이 통합은 ragatouille 패키지에 포함되어 있습니다.
pip install -U ragatouille
from ragatouille import RAGPretrainedModel

RAG = RAGPretrainedModel.from_pretrained("colbert-ir/colbertv2.0")
[Jan 10, 10:53:28] Loading segmented_maxsim_cpp extension (set COLBERT_LOAD_TORCH_EXTENSION_VERBOSE=True for more info)...
/Users/harrisonchase/.pyenv/versions/3.10.1/envs/langchain/lib/python3.10/site-packages/torch/cuda/amp/grad_scaler.py:125: UserWarning: torch.cuda.amp.GradScaler is enabled, but CUDA is not available.  Disabling.
  warnings.warn(

Retriever

RAGatouille을 retriever로 사용할 수 있습니다. 자세한 내용은 RAGatouille Retriever를 참조하세요.

Document Compressor

RAGatouille을 reranker로 바로 사용할 수도 있습니다. 이를 통해 ColBERT를 사용하여 일반적인 retriever에서 검색된 결과를 재순위화할 수 있습니다. 이 방법의 장점은 기존 인덱스 위에서 작업할 수 있어 새로운 인덱스를 생성할 필요가 없다는 것입니다.

Setup Vanilla Retriever

먼저, 예제로 기본 retriever를 설정해보겠습니다.
import requests
from langchain_community.vectorstores import FAISS
from langchain_openai import OpenAIEmbeddings
from langchain_text_splitters import RecursiveCharacterTextSplitter


def get_wikipedia_page(title: str):
    """
    Retrieve the full text content of a Wikipedia page.

    :param title: str - Title of the Wikipedia page.
    :return: str - Full text content of the page as raw string.
    """
    # Wikipedia API endpoint
        URL = "https://en.wikipedia.org/w/api.php"

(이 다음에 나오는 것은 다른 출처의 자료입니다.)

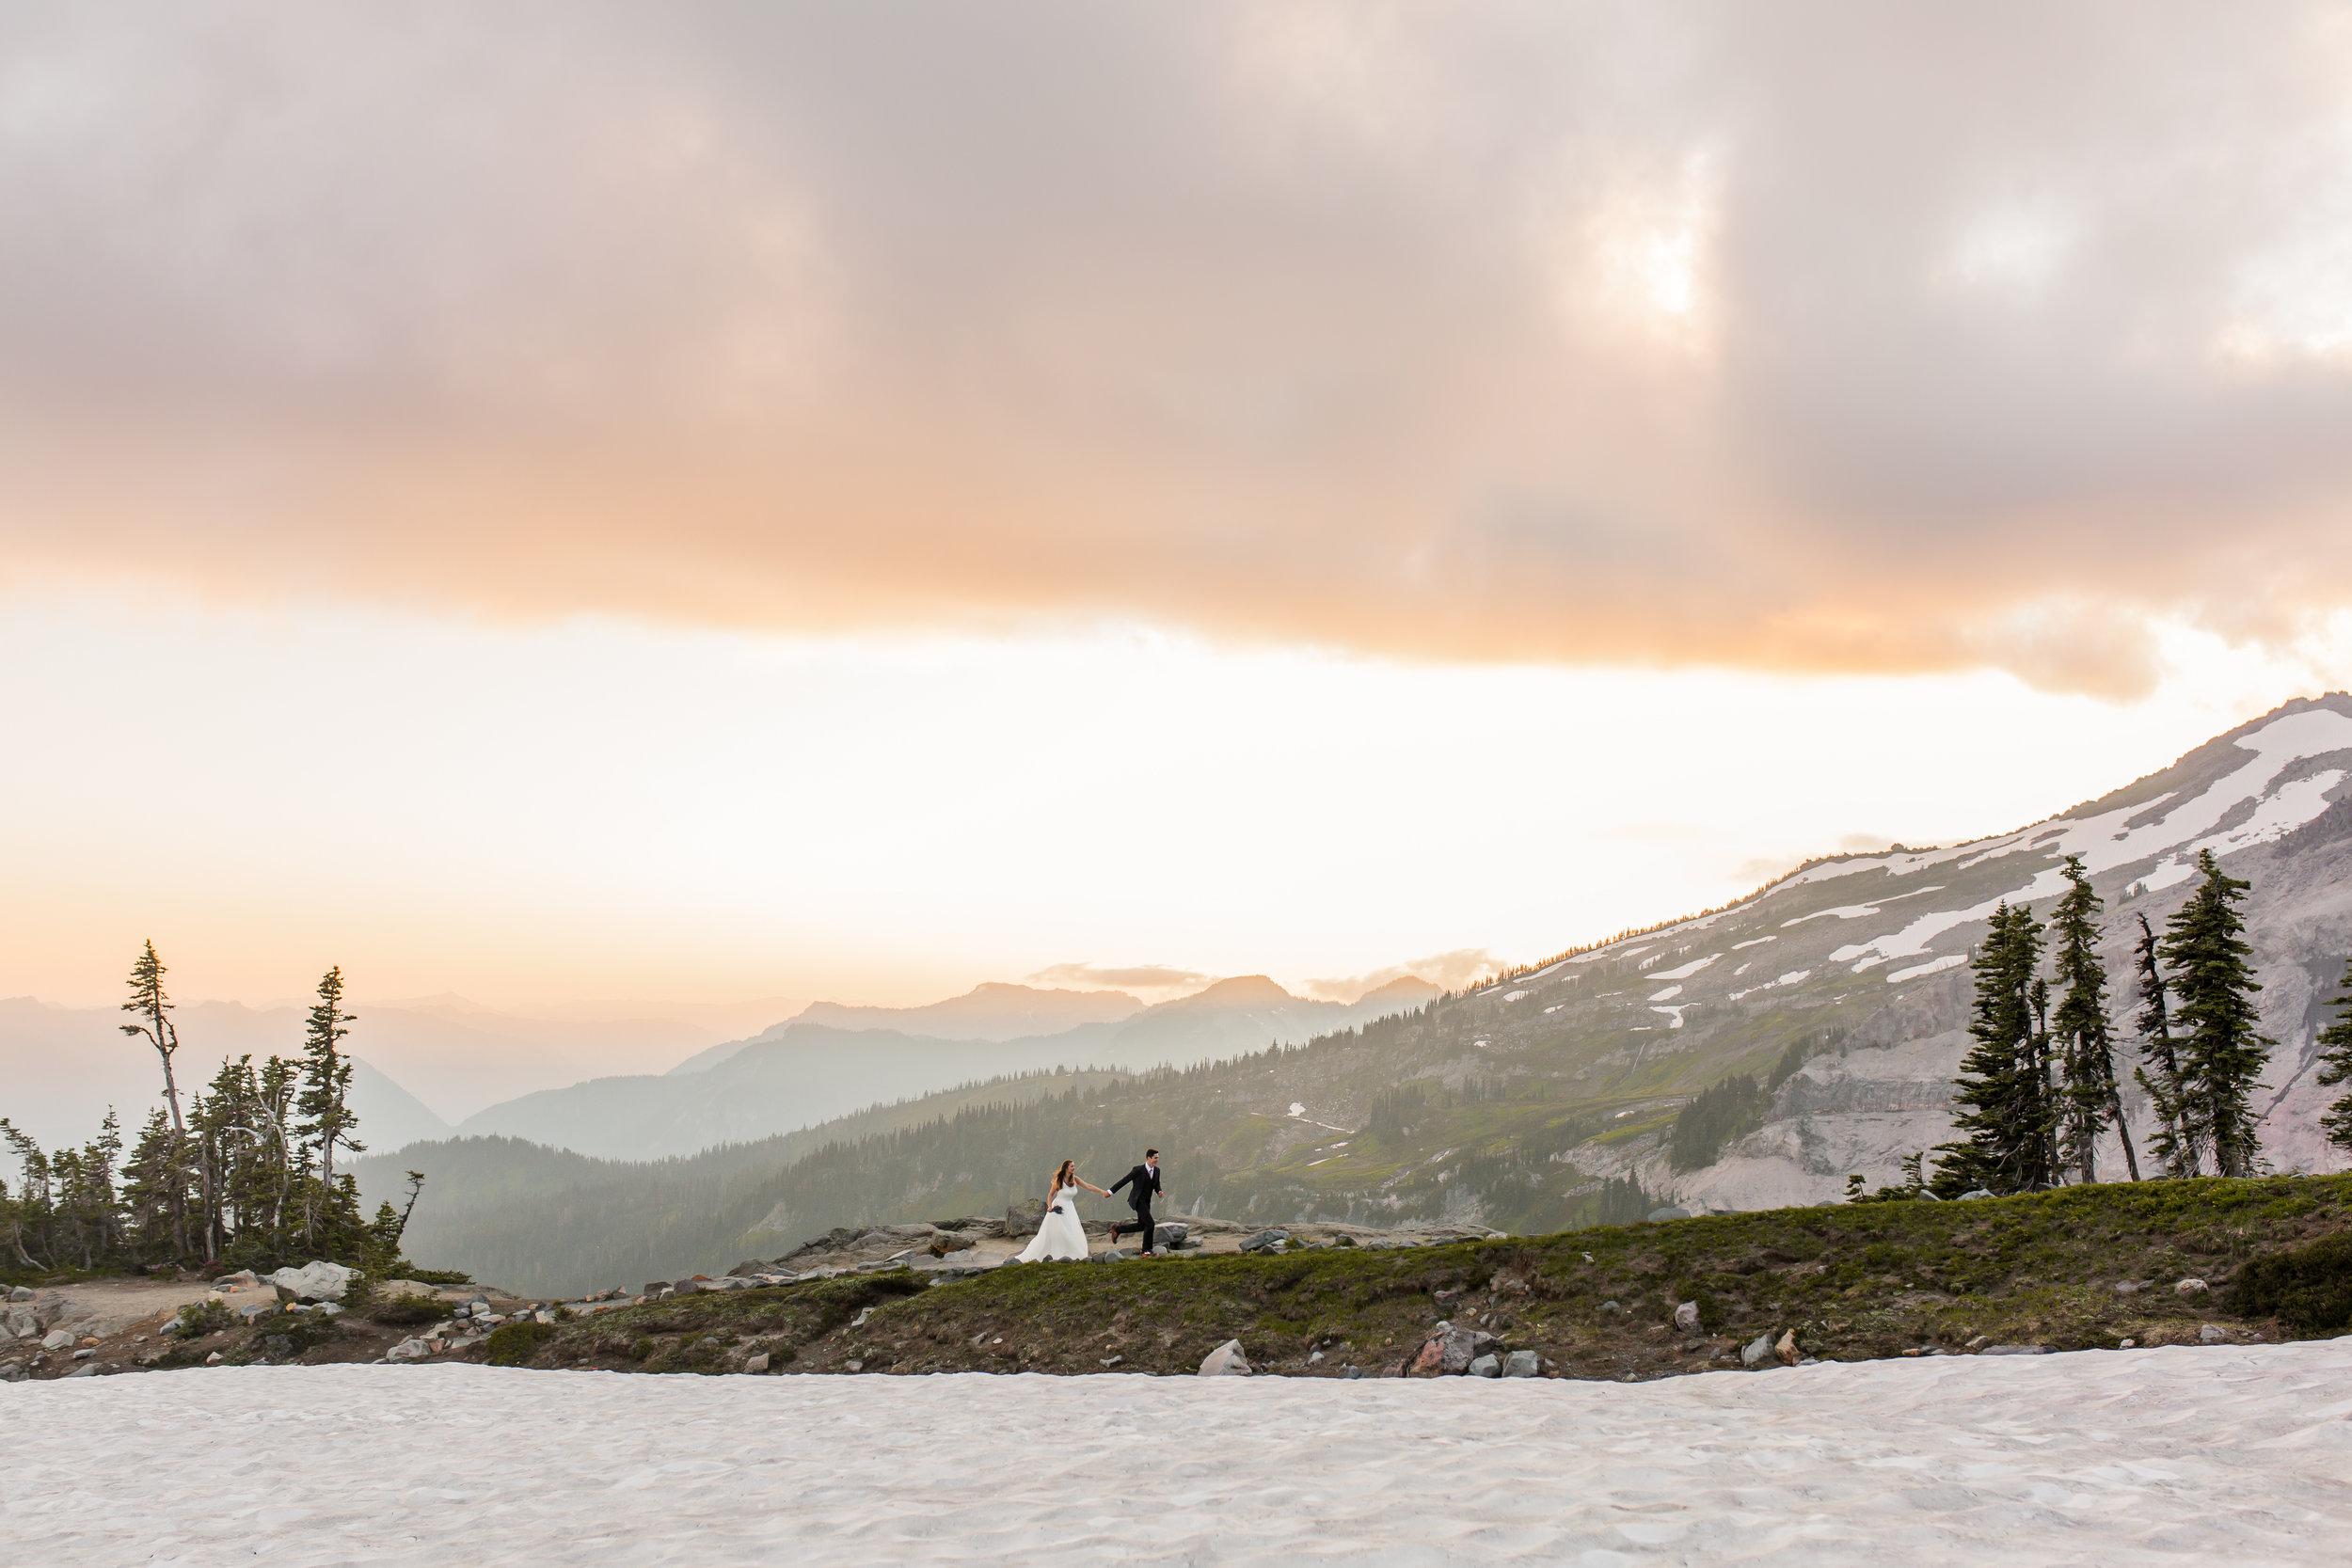 Nicole-Daacke-Photography-Mt-Rainier-elopement-photographer-washington-mountain-epic-wedding-photography-wildflowers-at-rainier-pine-tree-cloudy-summer-day-at-mountain-rainier-50.jpg

    # Parameters for the API request
        params = {
        "action": "query",
        "format": "json",
        "titles": title,
        "prop": "extracts",
        "explaintext": True,
    }

    # Custom User-Agent header to comply with Wikipedia's best practices
        headers = {"User-Agent": "RAGatouille_tutorial/0.0.1 ([email protected])"}

        response = requests.get(URL, params=params, headers=headers)
        data = response.json()

    # Extracting page content
        page = next(iter(data["query"]["pages"].values()))
    return page["extract"] if "extract" in page else None


text = get_wikipedia_page("Hayao_Miyazaki")
text_splitter = RecursiveCharacterTextSplitter(chunk_size=500, chunk_overlap=0)
texts = text_splitter.create_documents([text])
retriever = FAISS.from_documents(texts, OpenAIEmbeddings()).as_retriever(
        search_kwargs={"k": 10}
)
docs = retriever.invoke("What animation studio did Miyazaki found")
docs[0]
Document(page_content='collaborative projects. In April 1984, Miyazaki opened his own office in Suginami Ward, naming it Nibariki.')
결과가 질문과 크게 관련이 없는 것을 볼 수 있습니다.

ColBERT를 reranker로 사용하기

from langchain.retrievers import ContextualCompressionRetriever

compression_retriever = ContextualCompressionRetriever(
        base_compressor=RAG.as_langchain_document_compressor(), base_retriever=retriever
)

compressed_docs = compression_retriever.invoke(
    "What animation studio did Miyazaki found"
)
/Users/harrisonchase/.pyenv/versions/3.10.1/envs/langchain/lib/python3.10/site-packages/torch/amp/autocast_mode.py:250: UserWarning: User provided device_type of 'cuda', but CUDA is not available. Disabling
  warnings.warn(
compressed_docs[0]
Document(page_content='In June 1985, Miyazaki, Takahata, Tokuma and Suzuki founded the animation production company Studio Ghibli, with funding from Tokuma Shoten. Studio Ghibli\'s first film, Laputa: Castle in the Sky (1986), employed the same production crew of Nausicaä. Miyazaki\'s designs for the film\'s setting were inspired by Greek architecture and "European urbanistic templates". Some of the architecture in the film was also inspired by a Welsh mining town; Miyazaki witnessed the mining strike upon his first', metadata={'relevance_score': 26.5194149017334})
이 답변이 훨씬 더 관련성이 높습니다!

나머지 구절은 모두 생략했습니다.